After doing so, I get another error:
scoop._comm.scoopexceptions.ReferenceBroken: This element could not be pickled: FutureId(worker='127.0.0.1:49663', rank=1):partial(<Chromosome representation of a solution here>)=None
I'm not entirely familiar with parallel computing, and I'm not quite sure what it means by "cannot be pickled". The full code can be seen here with some edits:
def genetic(network, creator, no_sensors, sfpd, lambda1, lambda2, lambda3, k):
locations = network.graph.nodes()
#move creator.create calls to the main module
########################################
creator.create("FitnessMax", base.Fitness, weights=(lambda1, -lambda2, lambda3))
creator.create("Chromosome", list, fitness=creator.FitnessMax)

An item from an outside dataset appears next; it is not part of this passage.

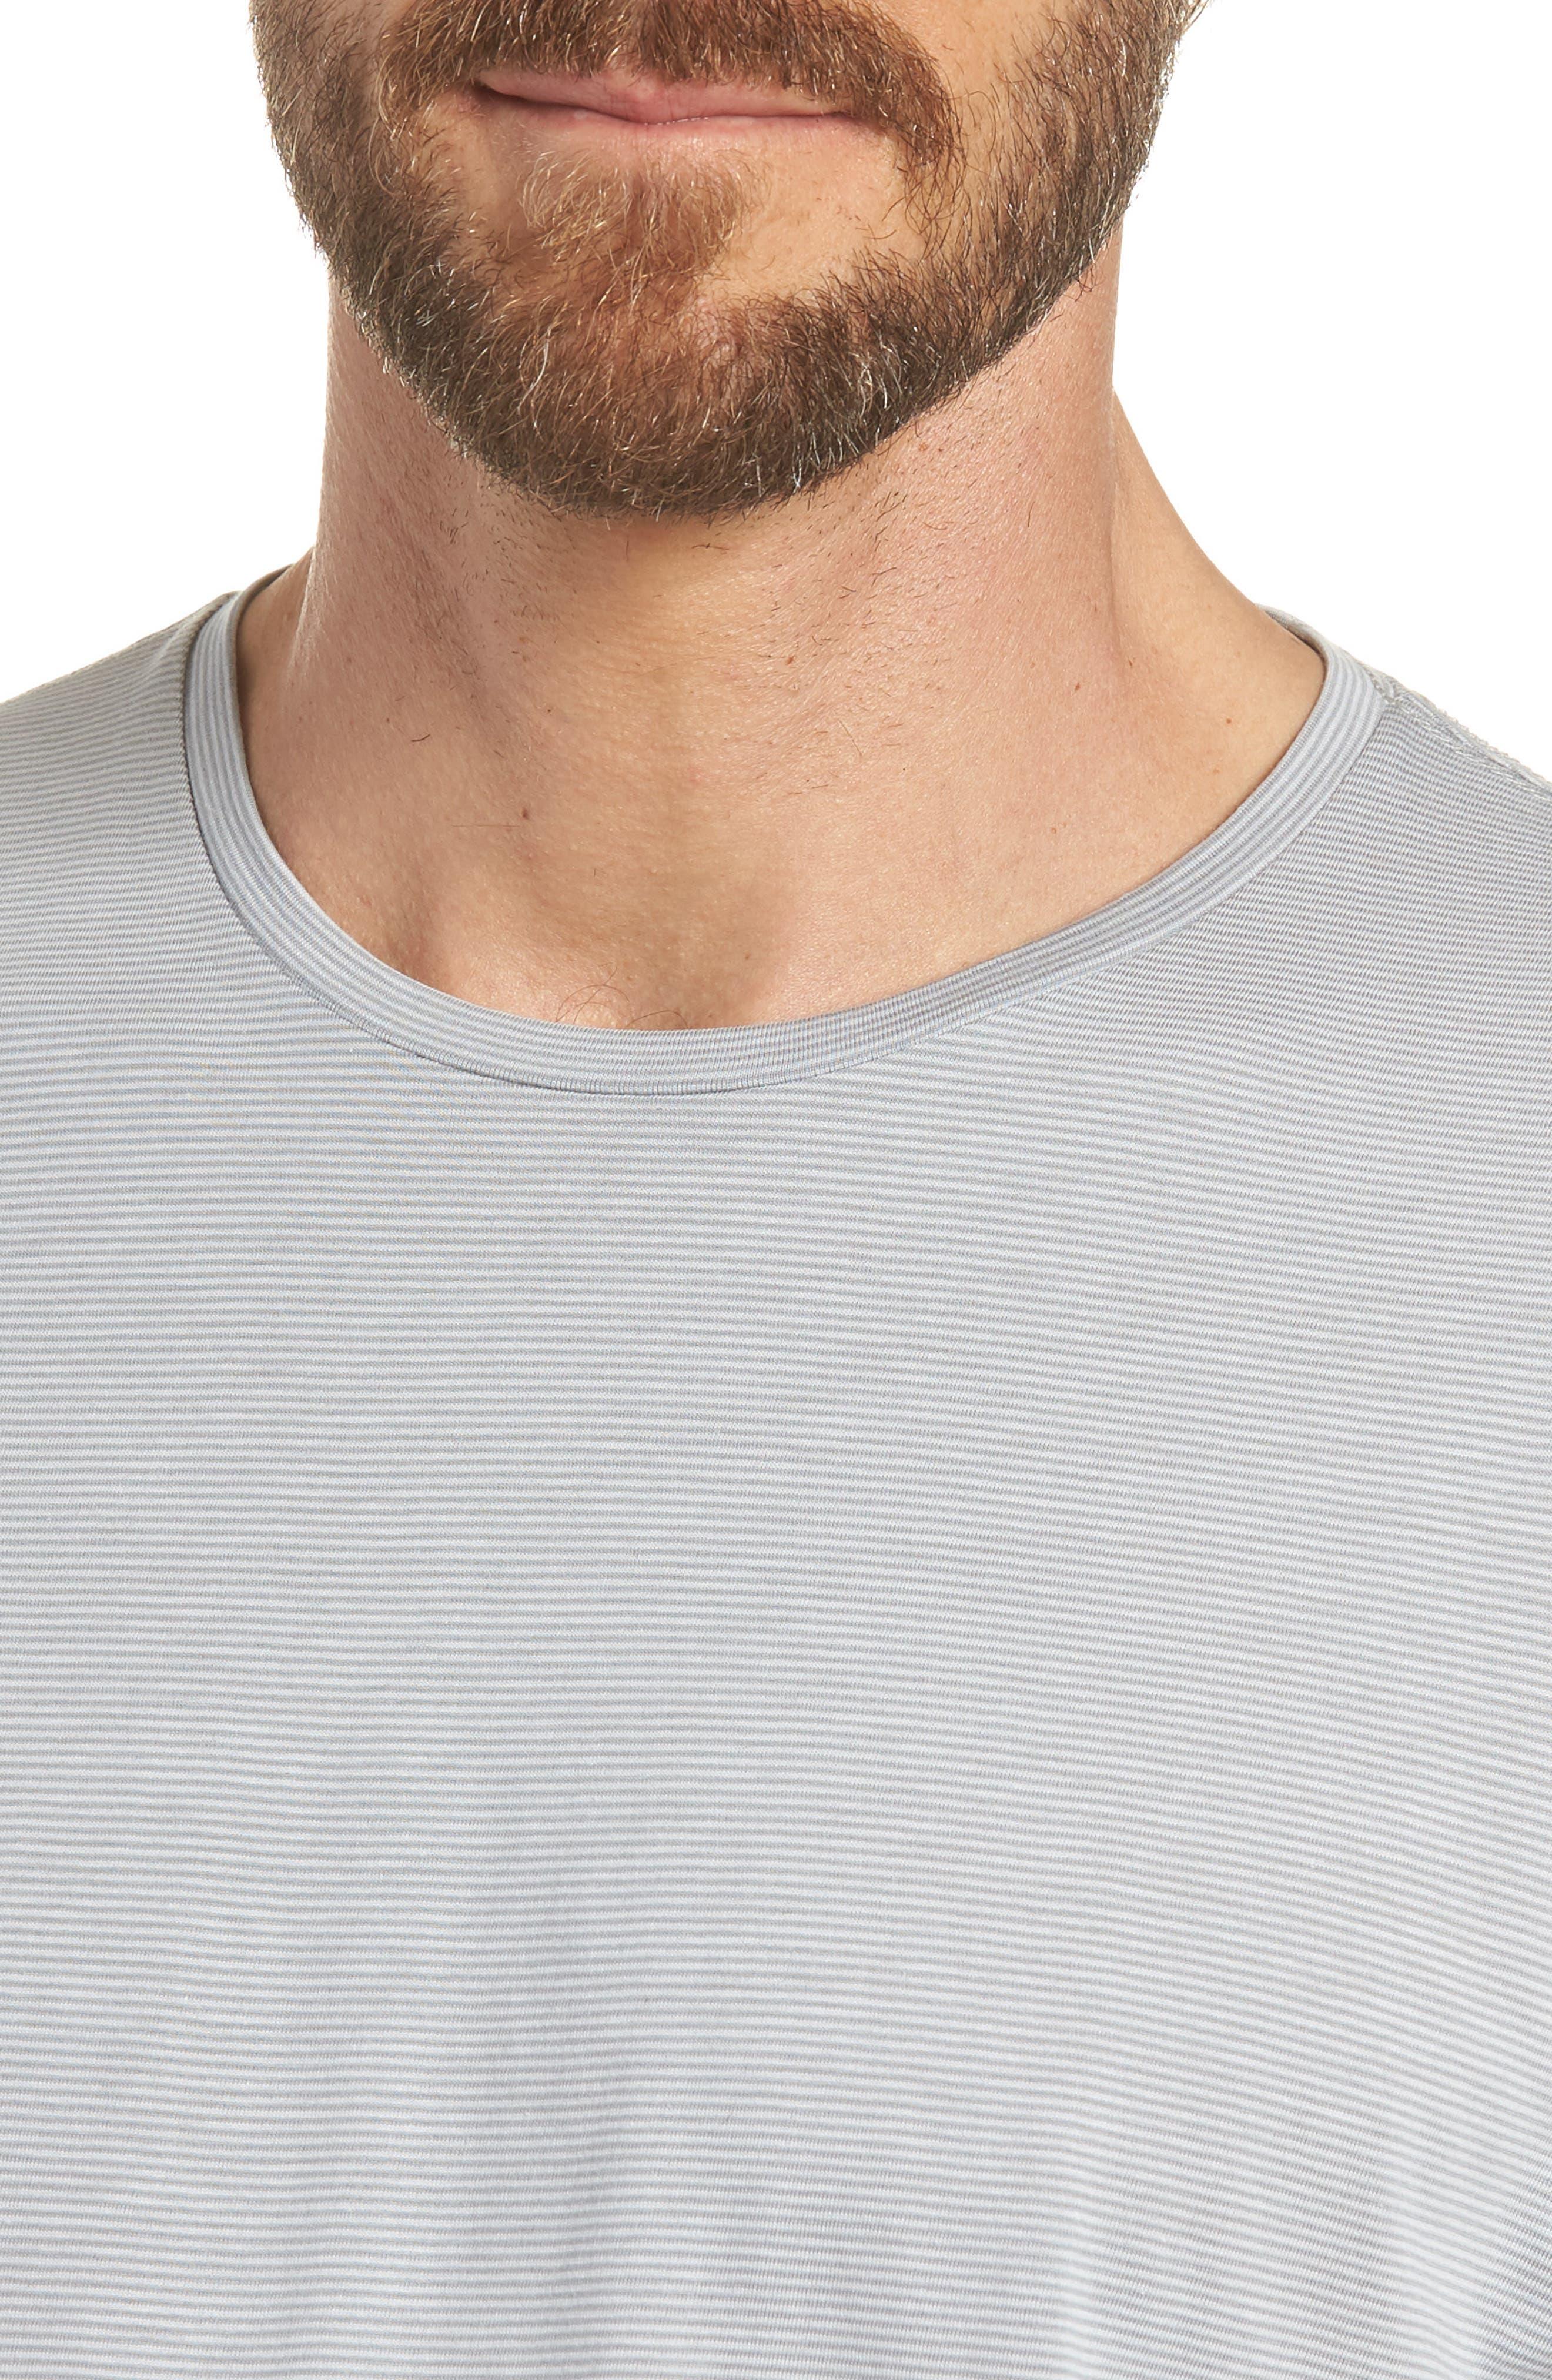 Refined Slim Fit T-Shirt,                             Alternate thumbnail 4, color,                             020

########################################
toolbox = base.Toolbox()
toolbox.register("attr_item", random.sample, locations, no_sensors)

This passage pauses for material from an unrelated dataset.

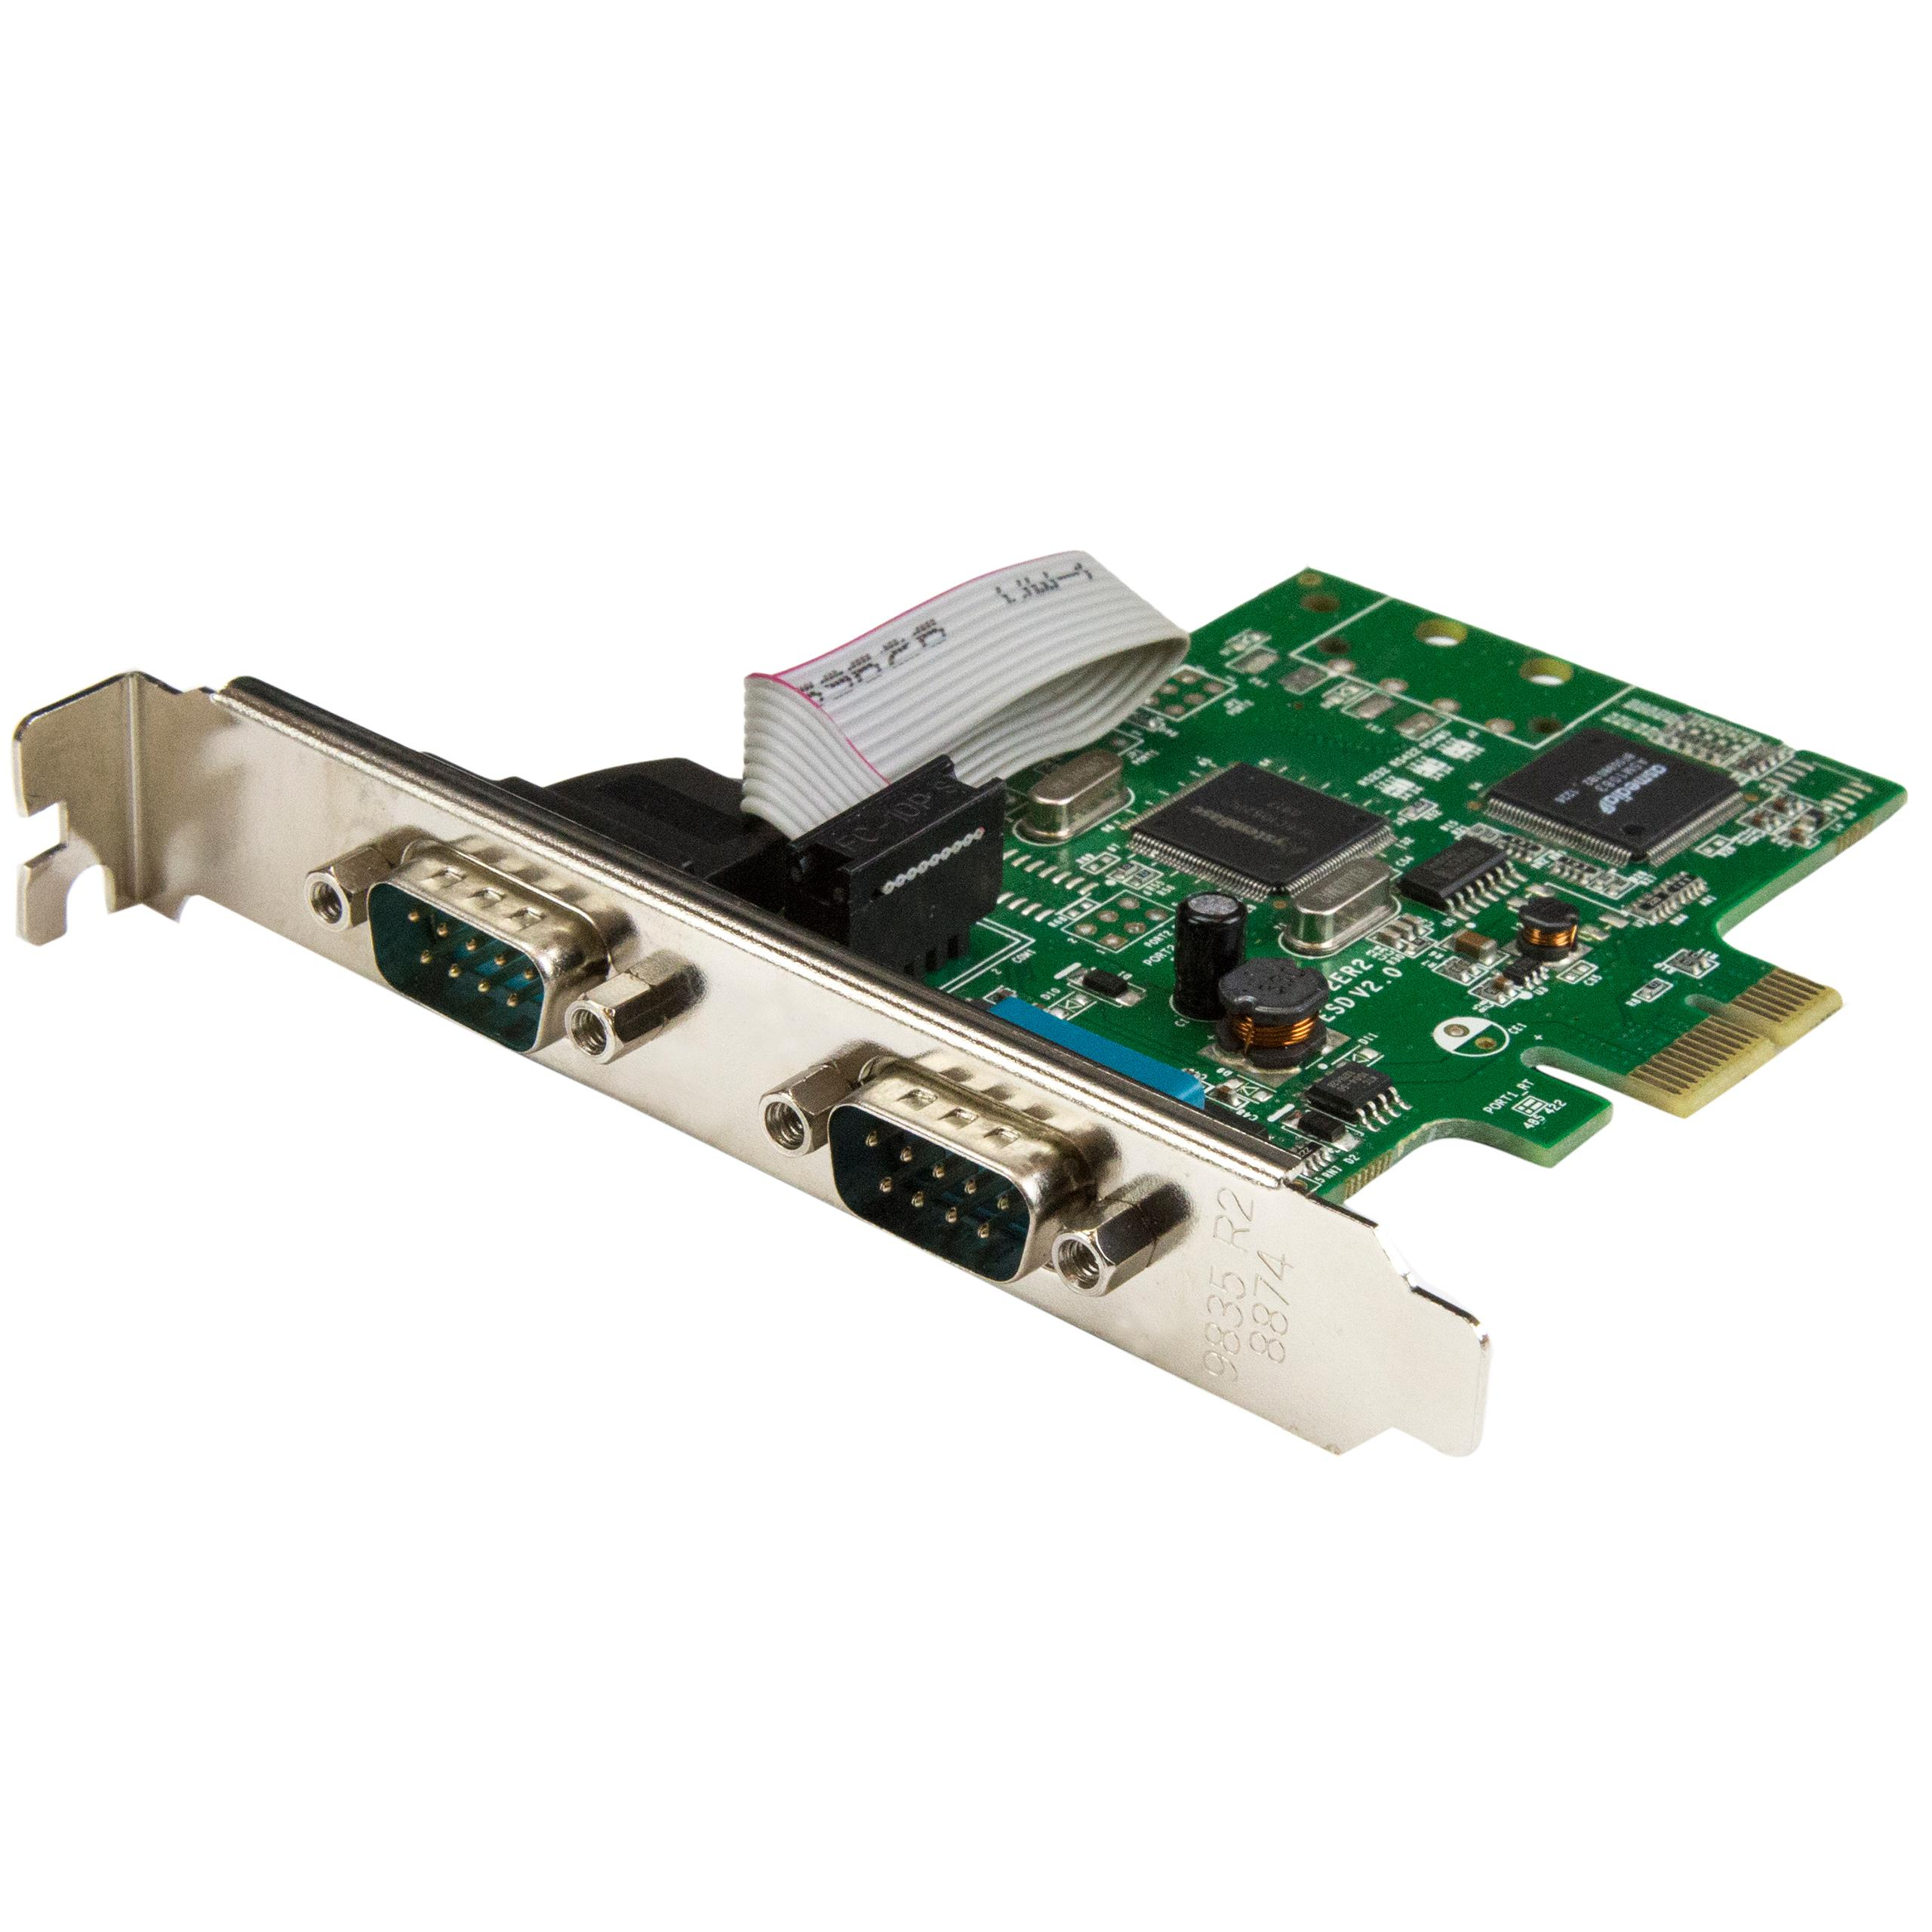 StarTech com PCI Express Serial Card - 2 Port - Dual Channel 16C1050 UART -  Serial Port PCIe Card - Serial Expansion Card

toolbox.register("chromosome", tools.initRepeat, creator.Chromosome, toolbox.attr_item, n=1)
toolbox.register("population", tools.initRepeat, list, toolbox.chromosome)
toolbox.register("map", futures.map) #######<-- this line ##############
def evaluate(chromosome):
#fitness function defined here
# Crossover
def crossover(chromosome1, chromosome2): # Uniform Crossover
#crossover is defined here
# Mutation
def mutation(chromosome):
#mutation is defined here
toolbox.register("evaluate", evaluate)
toolbox.register("mate", crossover)
toolbox.register("mutate", mutation)
toolbox.register("select", tools.selNSGA2)
random.seed(64)
pop = toolbox.population(n=MU)
hof = tools.ParetoFront()
stats = tools.Statistics(lambda ind: ind.fitness.values)
stats.register("avg", numpy.mean, axis=0)
stats.register("min", numpy.min, axis=0)
stats.register("max", numpy.max, axis=0)
algorithms.eaMuPlusLambda(pop, toolbox, MU, LAMBDA, CXPB, MUTPB, NGEN, stats, halloffame=hof)
return list(hof)
Thanks, and any insight will be very valuable.